ISBN-13 (Printausgabe) 3954040778
ISBN-13 (Printausgabe) 9783954040773
ISBN-13 (E-Book) 9783736940772
Sprache Englisch
Seitenanzahl 246
Umschlagkaschierung matt
Auflage 1 Aufl.
Band 0
Erscheinungsort Göttingen
Promotionsort Göttingen
Erscheinungsdatum 04.04.2012
Allgemeine Einordnung Dissertation
Fachbereiche Forstwissenschaften
Beschreibung

This study focused on examining forest fire discourses in news media (global and national media), scientific media (international and national journals) and stakeholders’ perceptions (international, regional, national, and local organizations). There are several important tasks of this study, i.e. understanding the interest position of actors by investigating common and different features of forest fire discourses in media as well as stakeholders’ perceptions; examining imbalance perspectives between national and global media discourses; evaluating the role of scientists in influencing policy-making process; and identifying asymmetrical perspectives concerning forest fire issues in media discourses and stakeholders’ perceptions.

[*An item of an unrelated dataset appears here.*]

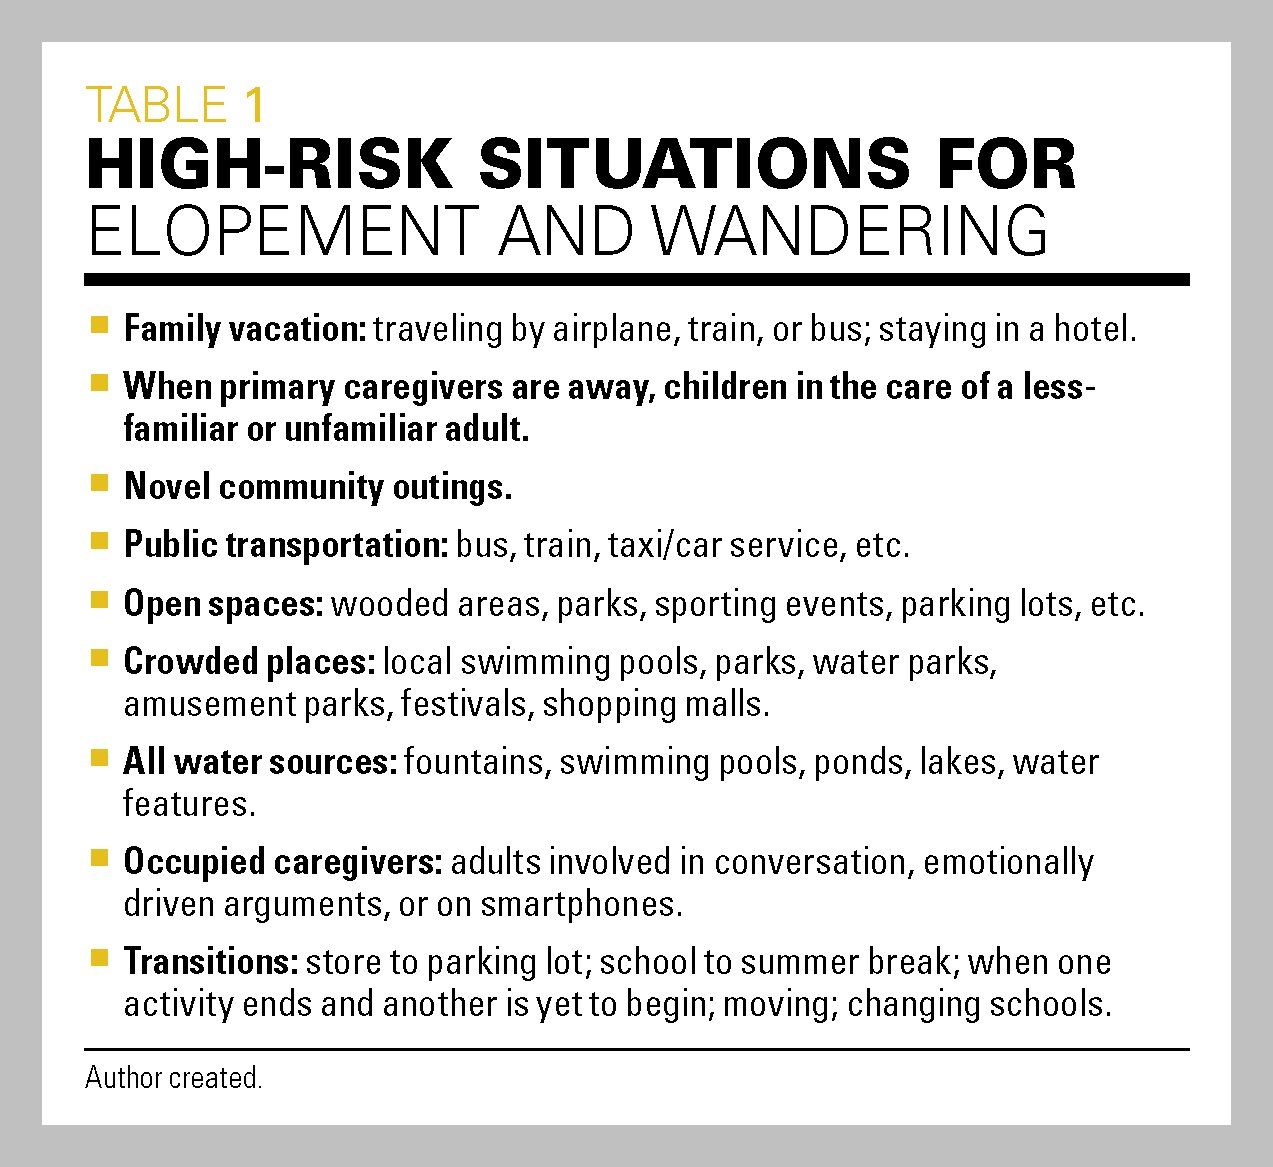 table looking at High-risk situations for elopement and wandering

Several common features of forest fire discourses in the national and global media were identified in this study. It could be generally concluded that the issues of forest fire in media as mediality were very important in the media discourse. Besides, “media”, “administrations” were also frequently referred to speaking actors of forest fire discourses. According to the voice of speakers in forest fire discourses in the national media, “administrations” such as ministers, regional environmental board, forest services, and nature conservation offices were mostly positioned as helper of problems. Consequently, the actors positioned as “helpers” usually gained positive image from society. On the contrary, “enterprises” were actors who mostly pointed out as the causers of problems in the issues of forest fire in the national media. The same feature was also perceived by stakeholders who appointed “enterprises” as the main causers of forest fire.

Media and stakeholders were more inclined to position human as causers and helpers of problems of forest fire. Because forest fires were strongly related to human factors, the interviewed stakeholders mostly perceived that to solve forest fire problems effectively, social approaches were very important to put forward. Furthermore, Media and stakeholders commonly comprehended that the most important instruments to solve the problem of forest fires were “praxis”, such as implementation of silvicultural and harvesting practices, utilization of tools (water cannons, helicopters, or airplanes) to extinguish fires, and involvement of people participation in fire management. “Regulative instruments” were also very important to solve the problem of forest fire. In choosing regulative instruments, both media and stakeholders argued that the “national regulations” would be more effective means to regulate forest fire rather than “international conventions”. International conventions can only be effective, if they are adopted by the government and translated into “national regulations”. It was also commonly voiced that forest fires created crosscountry border impacts and they were supposed to cause some regional problems such as disturbance of transportation, tourism, and health due to “smog” and heavy air pollution within the region. Therefore, “procedural instruments” such as inter-governmental meeting and intersectoral coordination were also suggested to solve those problems.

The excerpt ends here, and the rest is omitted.